### What is required
Your copy should begin with the line containing "Airplane Engine Turbo Spooling", end with the line containing "textile rug wall piece", match the listing below exactly, and contain no pictures.

### Materials provided

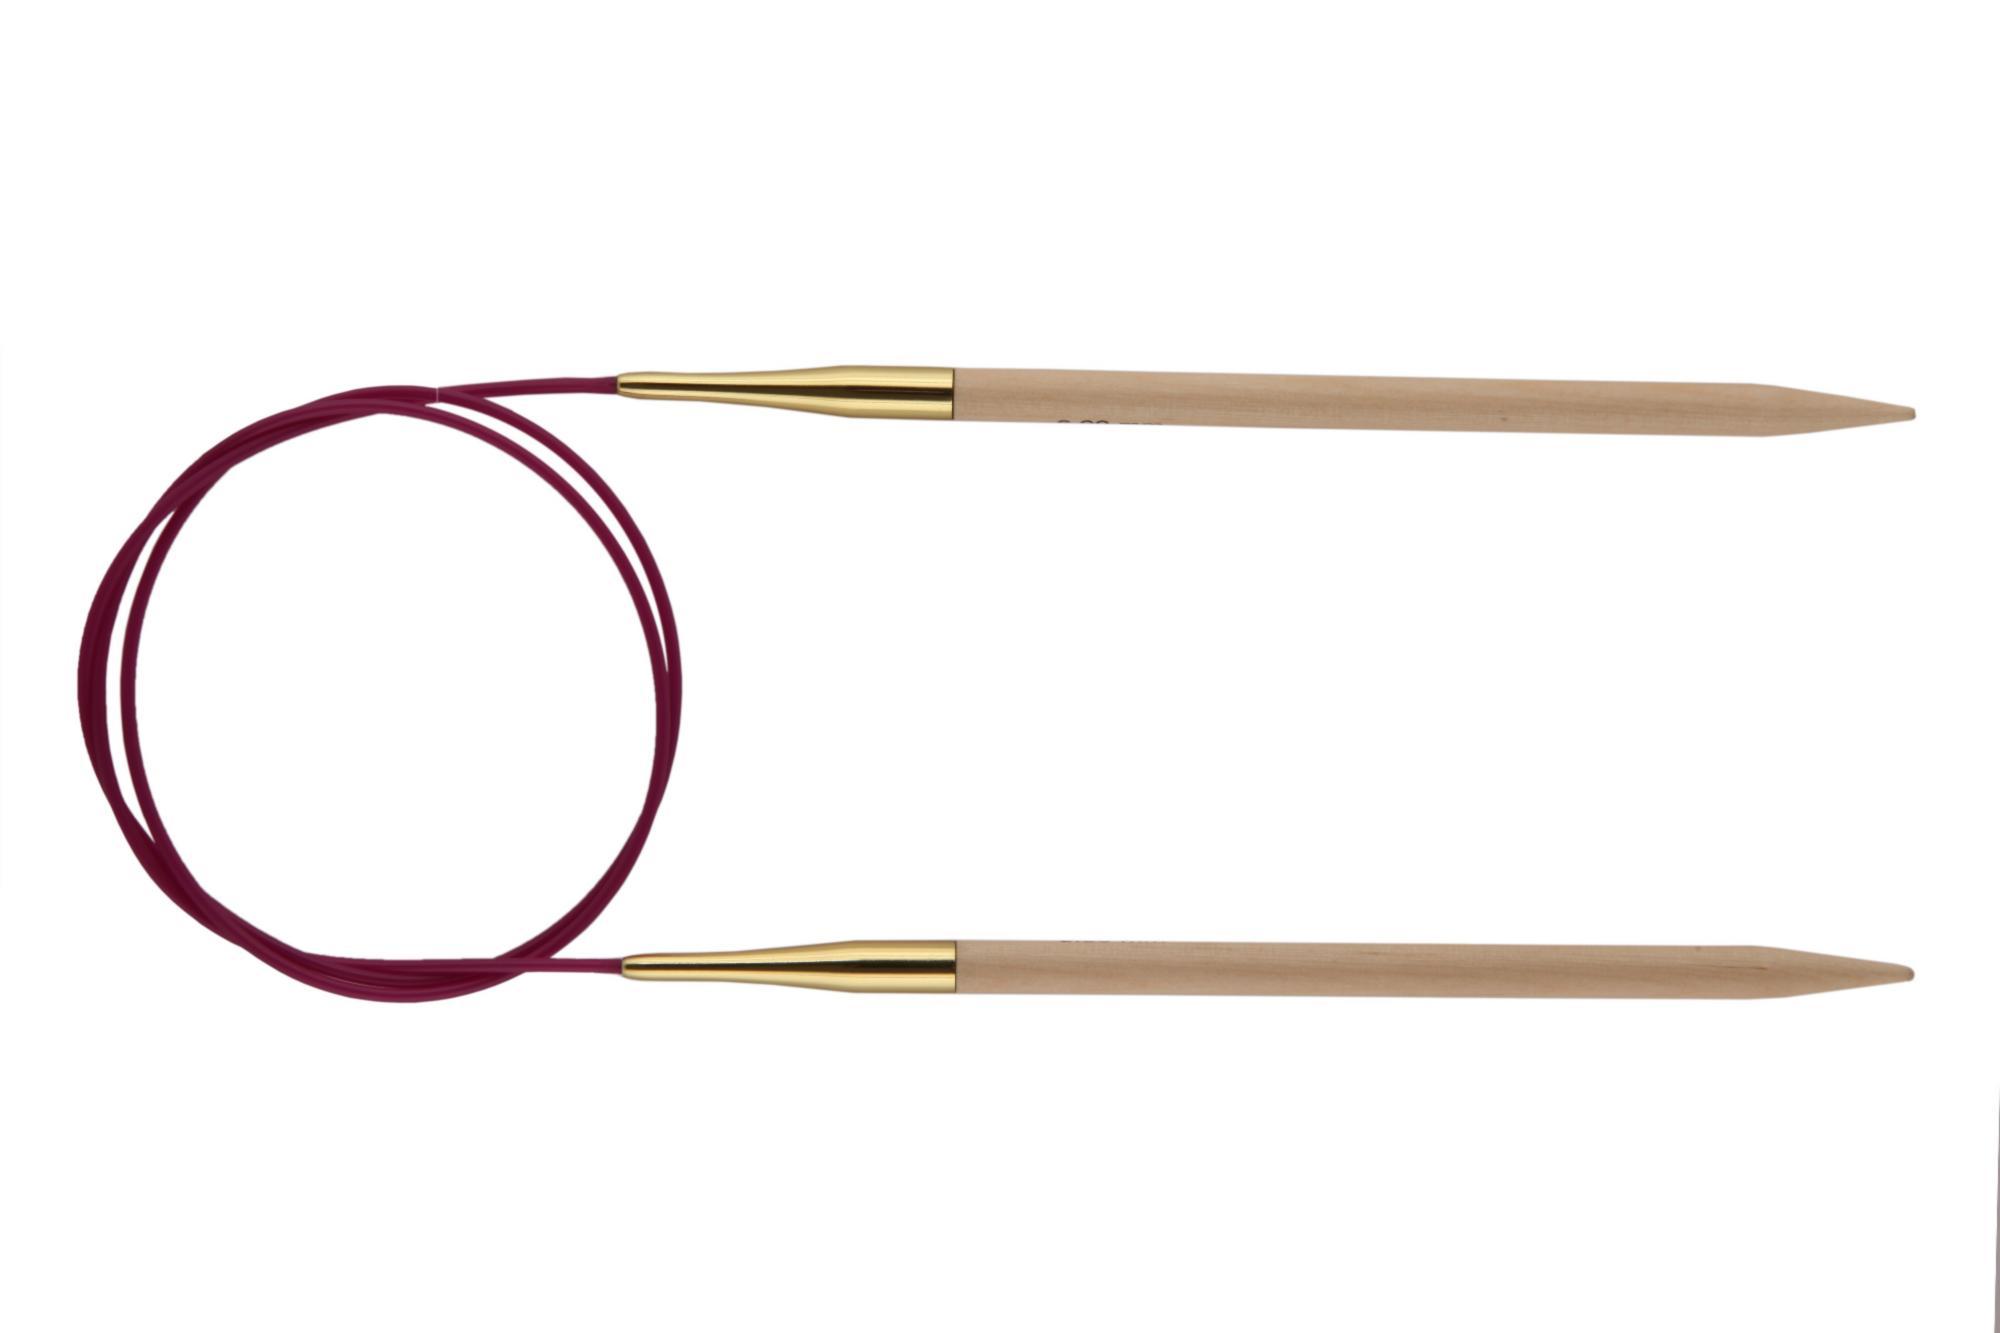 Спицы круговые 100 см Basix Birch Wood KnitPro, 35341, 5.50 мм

==

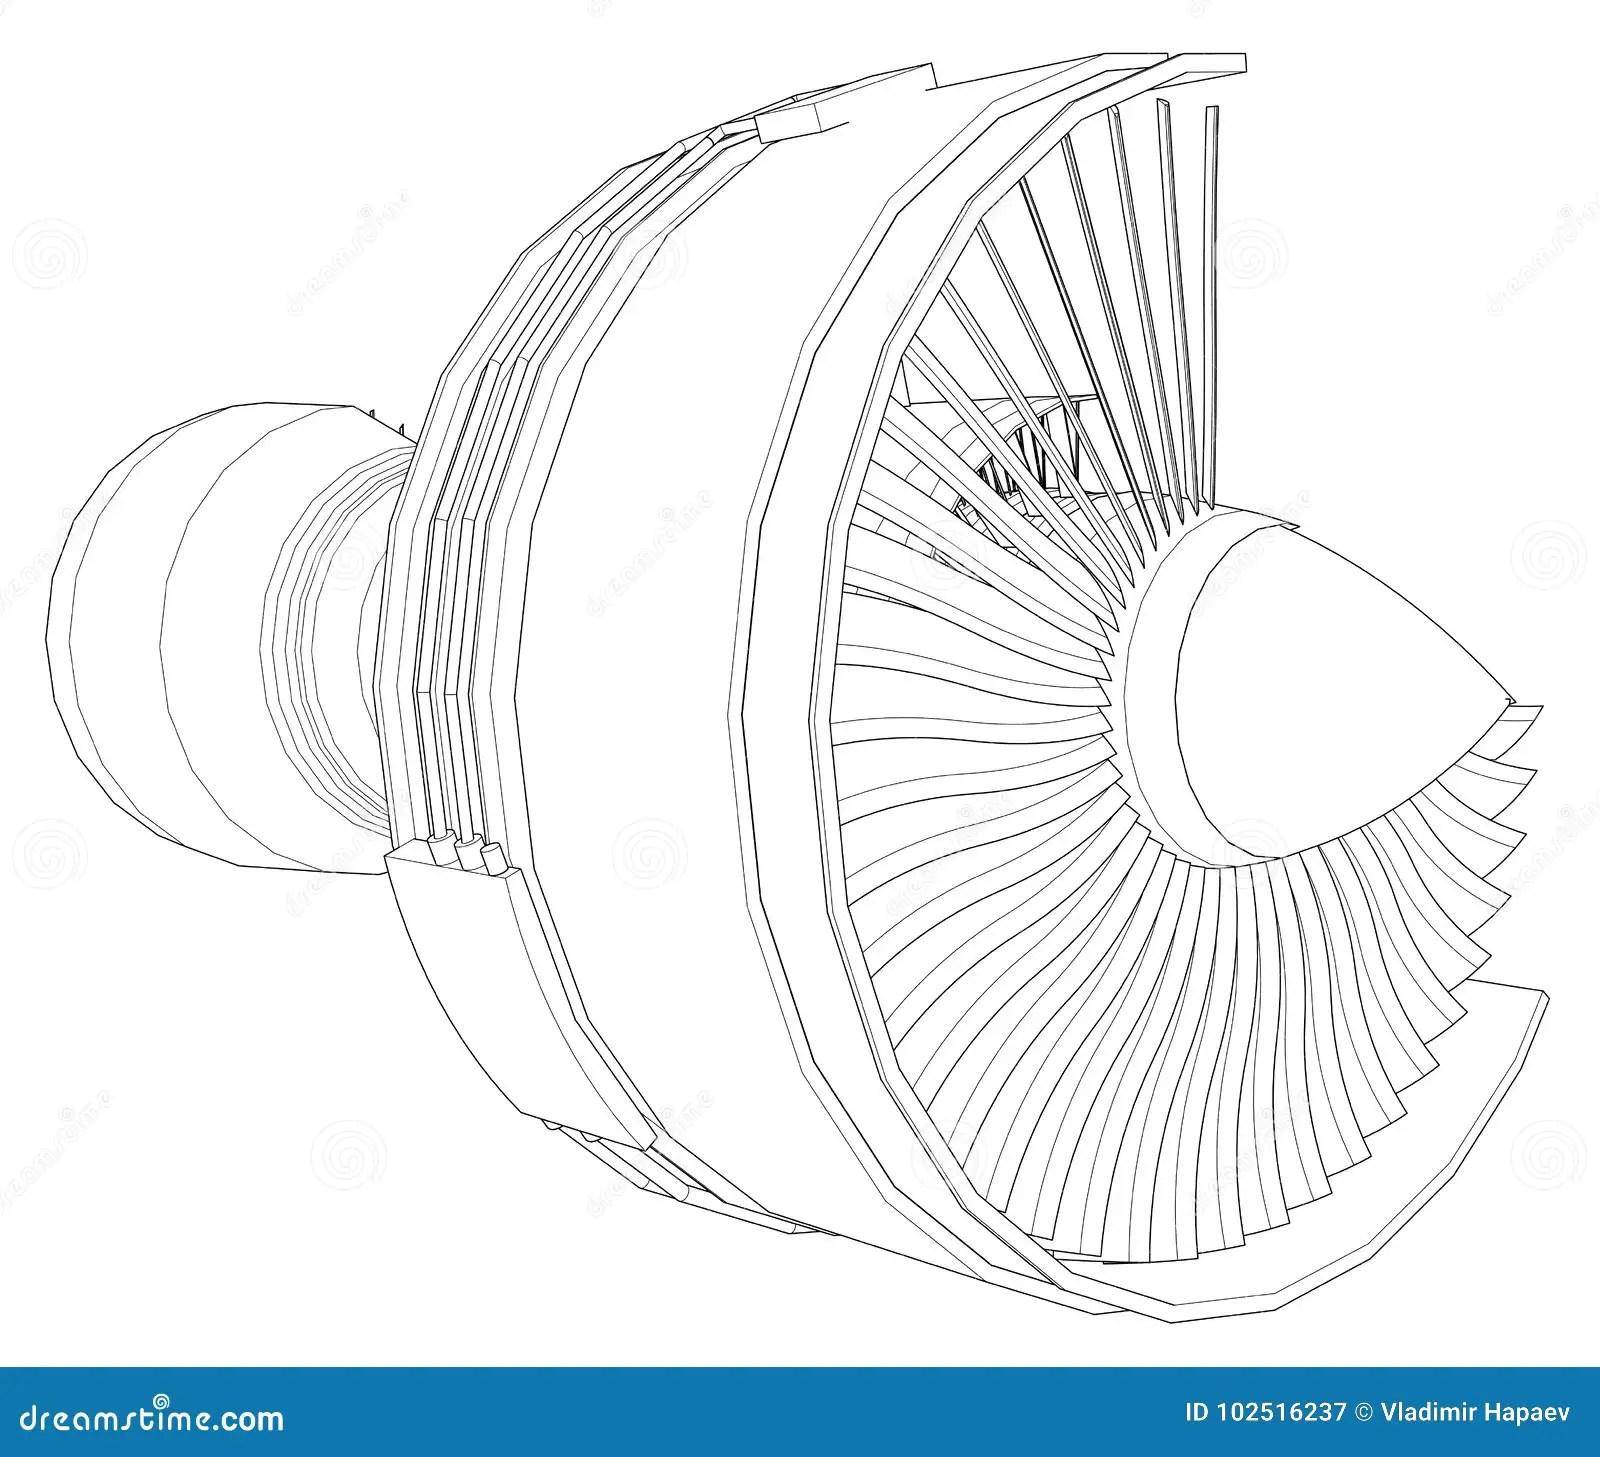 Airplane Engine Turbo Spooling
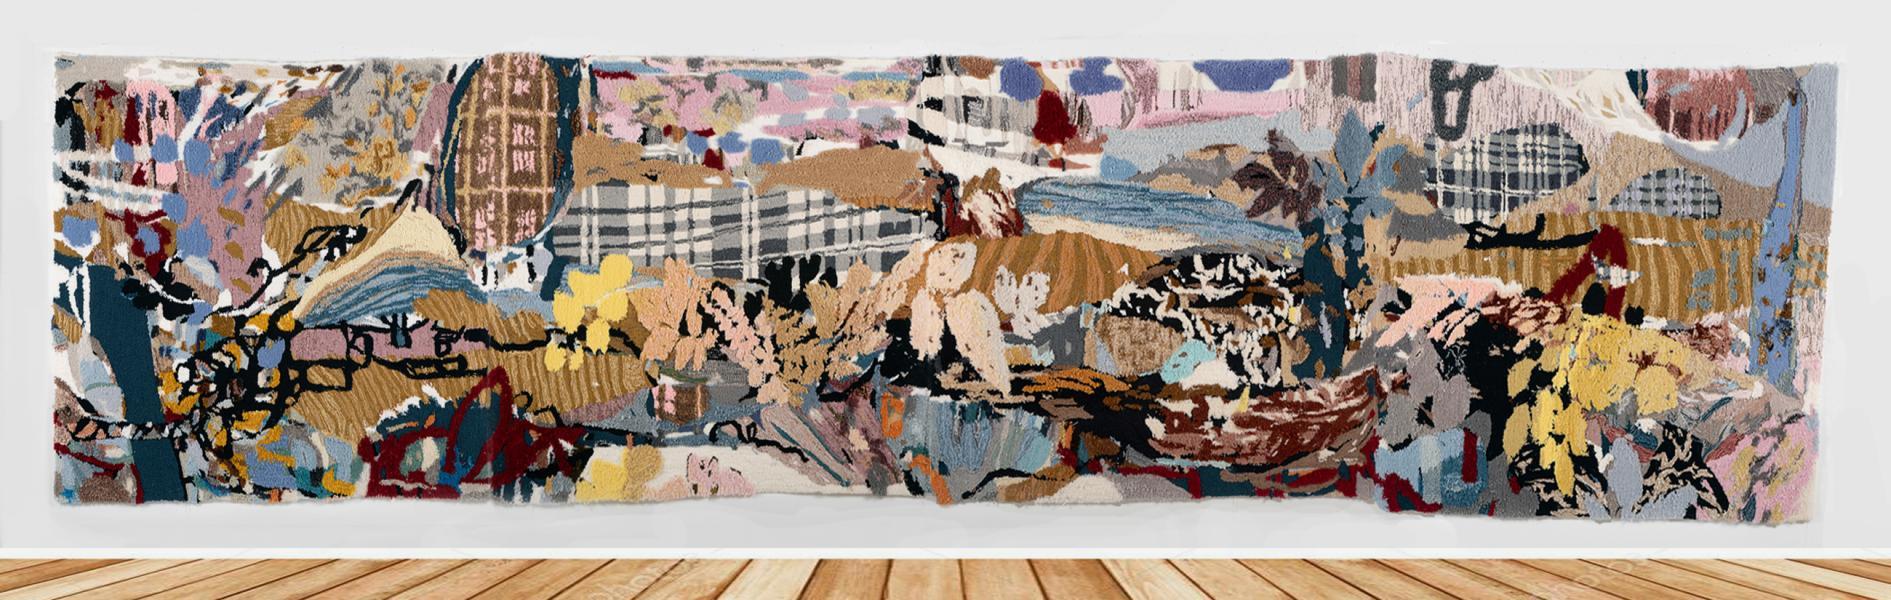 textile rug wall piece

### Response
 Airplane Engine Turbo Spooling
 textile rug wall piece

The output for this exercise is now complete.